Birkaç yıl önce Taewan, Jaewon'un boşandığını duymuştu. Jaewon rahatsız değilmiş gibi davranmıştı ama bir süre durgunluğa girmişti. Taewan bugün boşanmayla ilgili tüm hikayeyi duyabildi.

Karısı boşanmayı ilk gündeme getiren kişiydi. Jaewon çaresizce onun fikrini değiştirmeye çalıştı ama Taewan'a karısının kararından caymadığını söyledi.

Karısı, ondan nafaka bile istemediğini iddia ederek ondan boşanmayı kabul etmesini istediğinde, Jaewon artık ona tutunamayacağını fark etti. Artık onun için yapabileceği tek şeyin boşanmak olduğunu fark etti. Ve çocukları, beklenecek bir şeymiş gibi karısının peşinden gittiler.

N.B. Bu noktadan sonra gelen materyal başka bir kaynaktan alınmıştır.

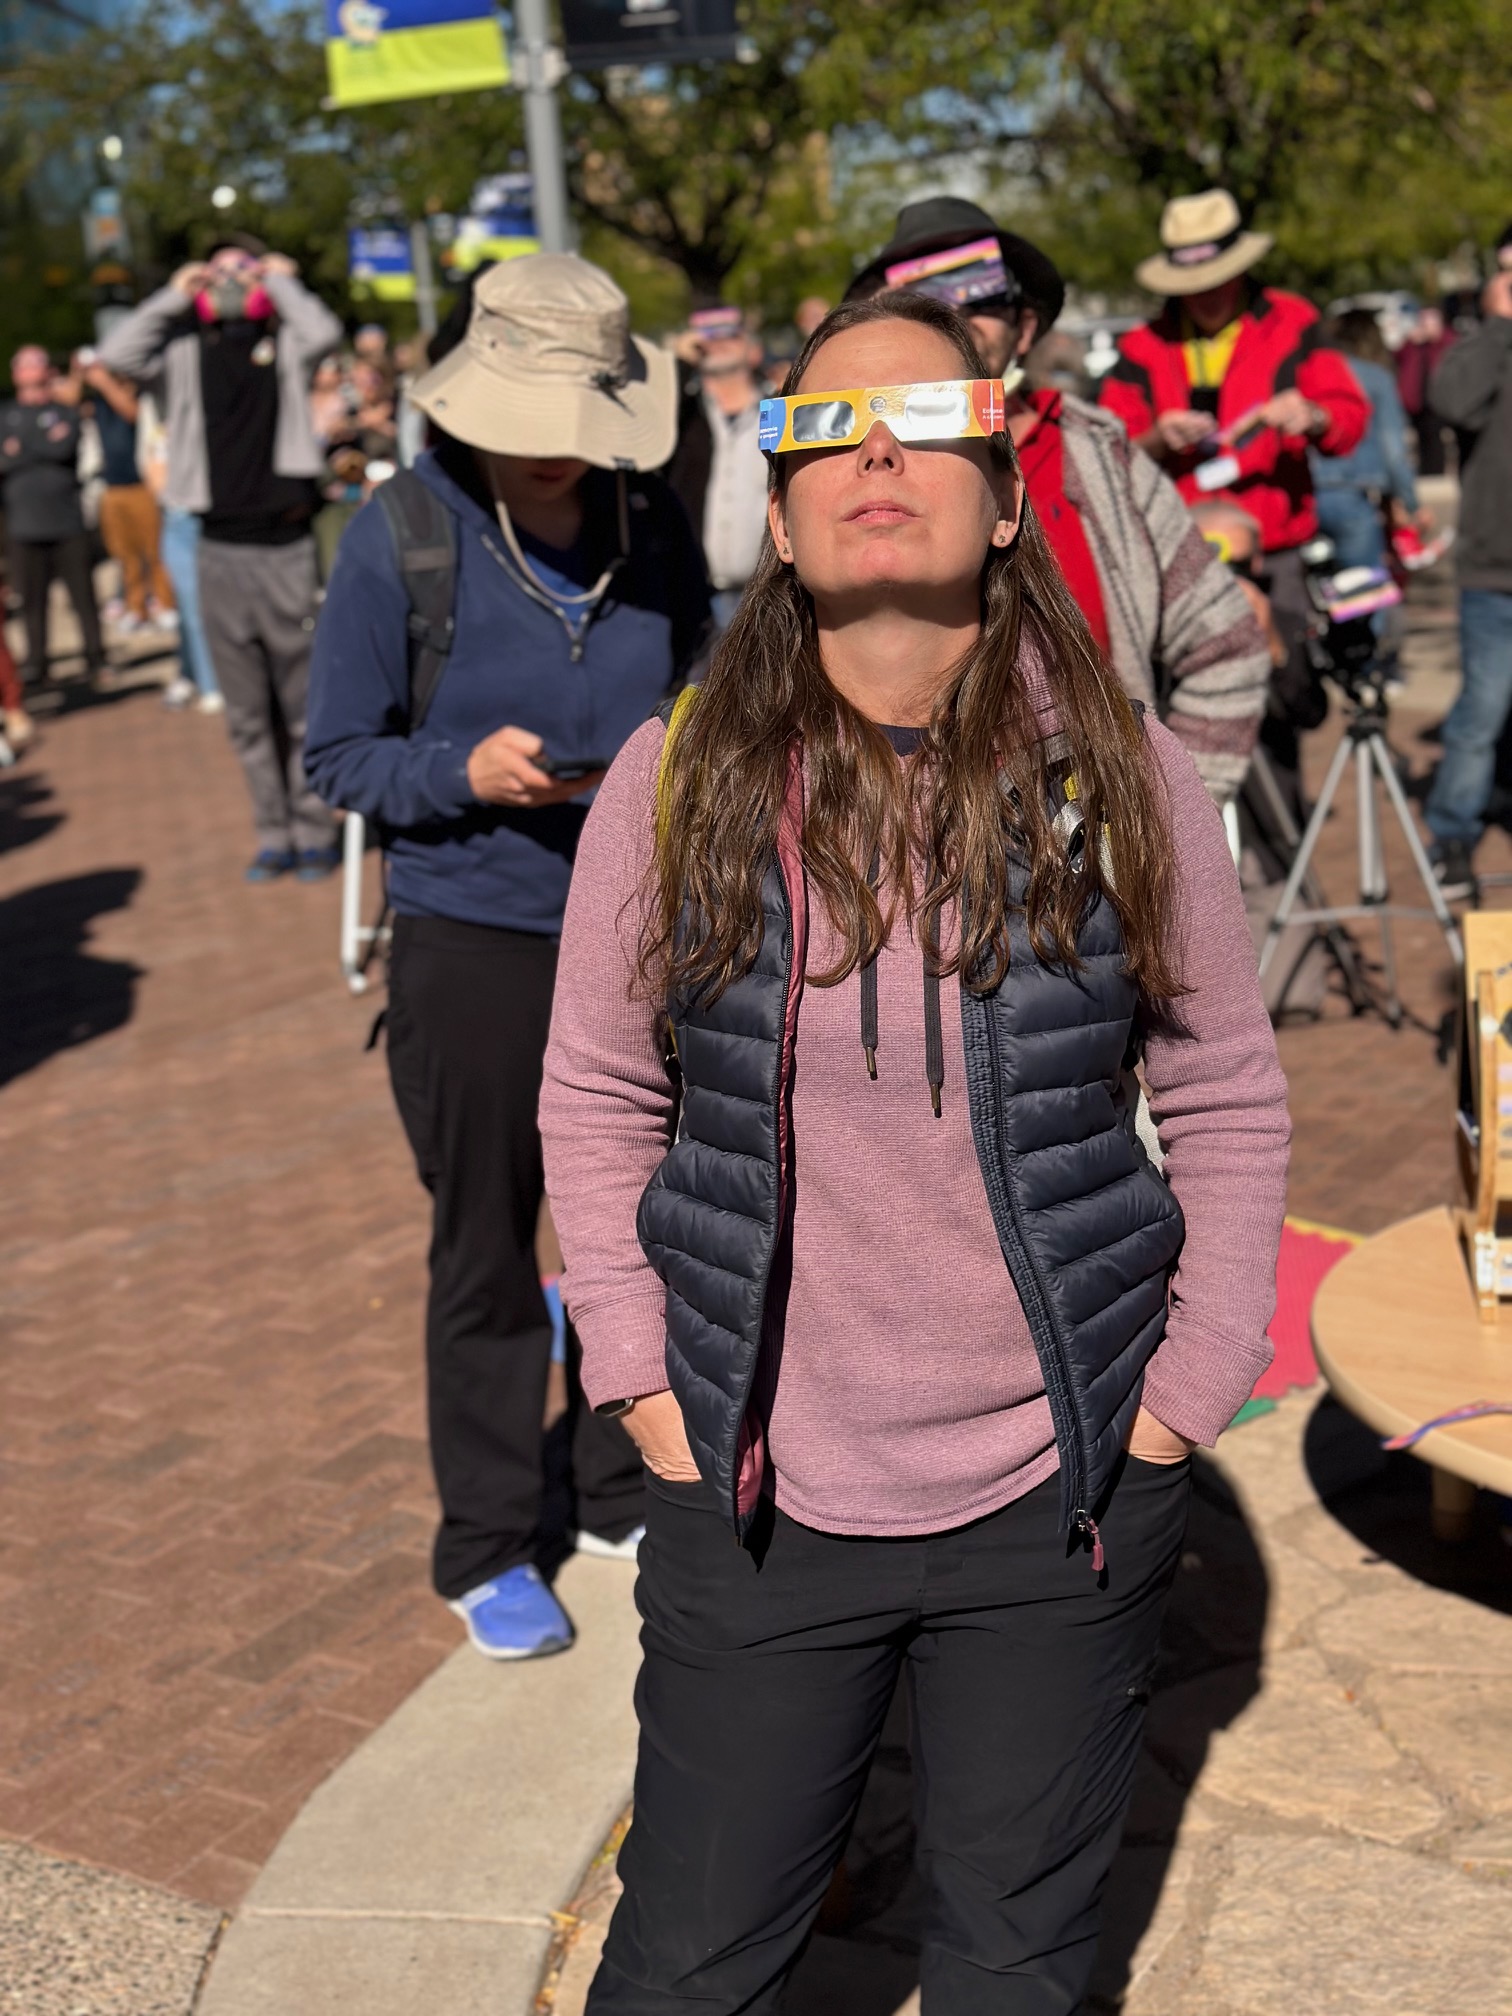 A woman standing with eclipse glases on. She is wearing black pants, a purple long sleeve shirt with a blue puffer vest. She has long brown hair and her hand are in her pockets. She is looking up at the Sun during an event of the October 14, 2023 Annular Eclipse. There are many people in the background.

“Çocuk yetiştirmenin bir faydası yok. Önce ben onlarla iletişime geçmesem, hala hayatta olup olmadığımı bilmek umurlarında bile olmuyor. Onlara hasta olduğumu söyledim ve bana evimin yakınındaki hastaneye gitmemi söylediler. Ve onlara yeni bir dizi çektiğimi söylediğimde benden sadece setteki oyunculardan imza göndermemi istediklerini söylüyorlar.. Haa. Ve şahsen imza almaya gelmek de istemiyorlar. Bunun yerine kendilerine teslim etmemi istiyorlar. Çünkü meşguller… Ne kadar meşgul olabilirler ki…? Sadece yüzlerini görmek istiyorum.”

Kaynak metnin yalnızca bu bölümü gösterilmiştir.